Digital Revolution replace low-skilled with higher-skilled workers. Investment in educational currilum from the primary, secondary, tertiary and vocational levels is key including capacitation and stimulation of tech hubs nationally. The need to consider and fund reskilling programs to ensure technology supplements instead of replacing labour is also a major step that has to be take to address the ensuing mismatch. Over and above this initiative there must also be deliberate efforts to close the gender and rural-urban divide to tech access such that it does not exercebate inequalities.

  1. Develop physical & digital infrastructure

Digitalisation requires enablers to kick start and be maintained. The current lack of electricity & low internet penetration and devices (mainly handheld) are hindrances that must be addressed. Accelerating physical connectivity of fiber optic network and VSAT as well as interoperability of virtual platforms is critical as this takes upgrade technology and reaching and lowering unit costs for for accessibility by many if not all. InterOperable digital infrastructure will reduce redundant investments especially within government departments. Capacitation of local industries to manufacture or at least assemble infrastructure must be prioritised.

  1. Enhance agile governance

The need to Reinforce state and institutional capacity within strong regulatory framework to drive and support innovation & create an enabling competetive business environment cannot be over emphasised. Thestarting point should be the ongoing development of the ICT policy to comprehensively leverage on the benefits on digitalisation and mitigate the dangers associated with the processes of embracing the fourth industrial revolution. The government must continue to promote tech progressive laws to stimulate growth of the ICT sector as well as stimulate and broaden access to technology in all sectors and communities

 

  1. Foster coordination culture

Government and key players continue to operate in silos with non existent collaborative strategies to move towards harmonised technological objectives. Private players continue to achieve unscalable heights for private benefit at the expense of nationally beneficial government initiatives.

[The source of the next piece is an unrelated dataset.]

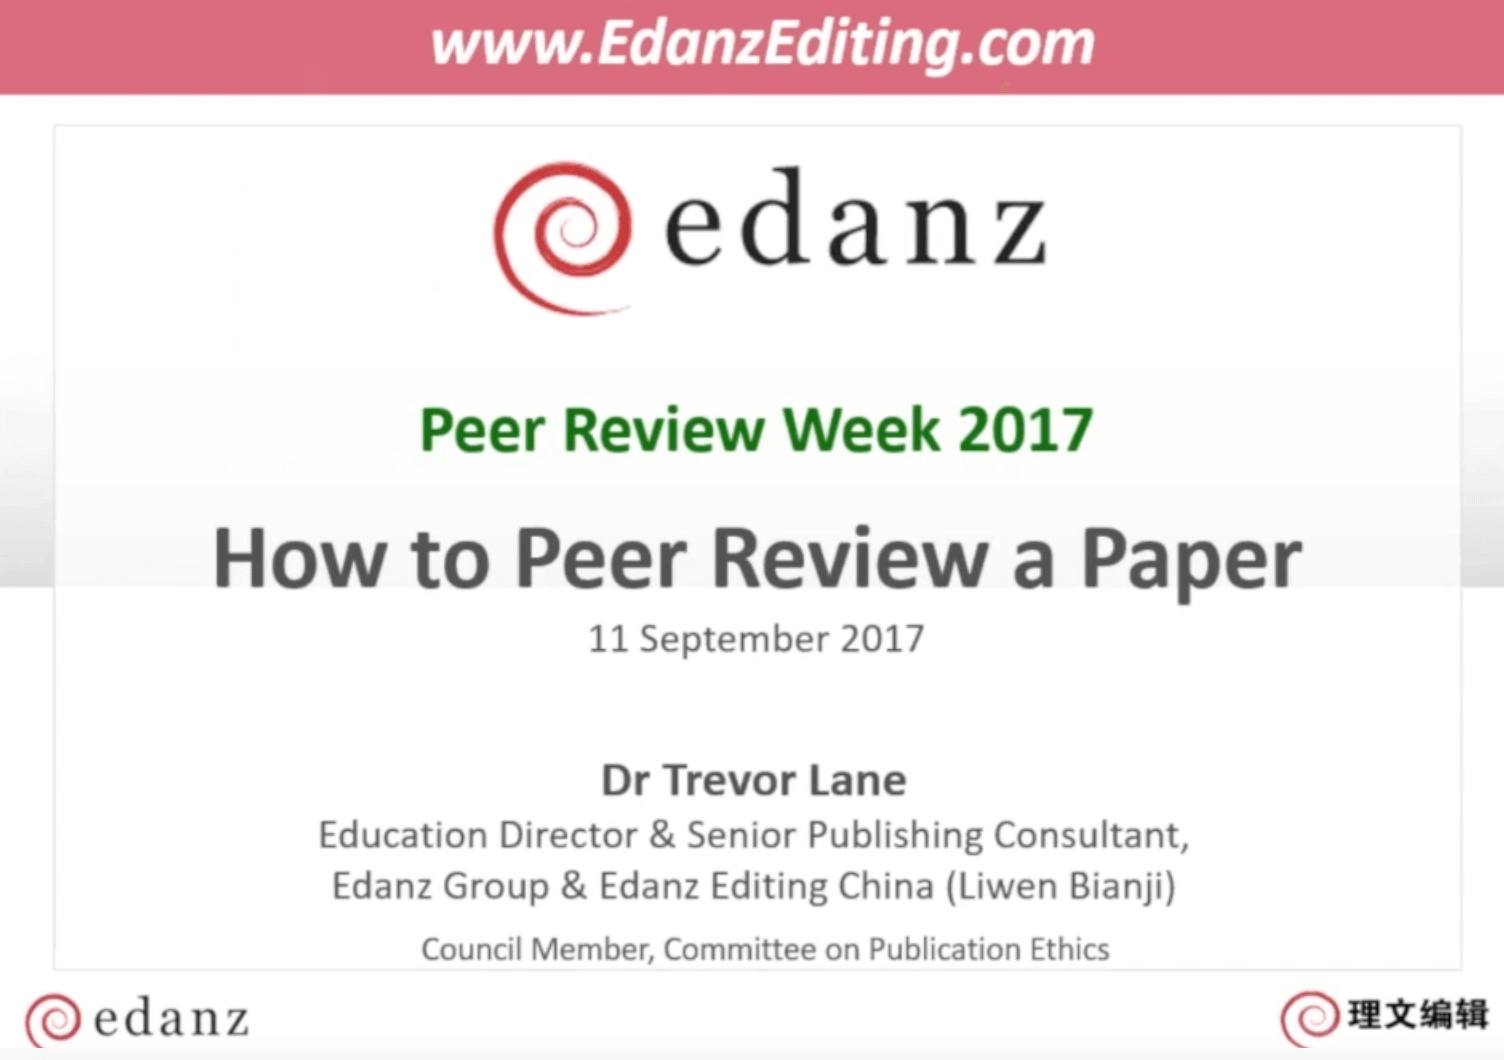 How to peer review a paper

Forums and platforms must be created for possible infrastructure sharing,  rollout of government e-commerce programme as well as progressive tech implementation like migration towards 5G connectivity. There could also be considerations in the government tech departments to have secondments of private player staff  just like in other sectors of the economy like health and development where private players second technical staff to public institutions to strengthen and improve existing systems.

  1. Increase financial support by central government

The allocation of resources for ICT infrastructure improvement cannot go unmentioned. Technology continues to stimulate economic growth the world over with some of the biggest revenue generating companies the world like Meta, AWS and Alibaba having their models hinged around technology investment. The allocation of resources for ICT from the national fiscus must be meaningful as Zimbabwe is already lagging behind technologically. A paltry ZWL $8 billion ($89 million) in 2021 to target rollout of optic fibre network, digital television services and online public services by citizens is insignificant we are to build a digital economy and move with the inevitable trends to be competitive globally.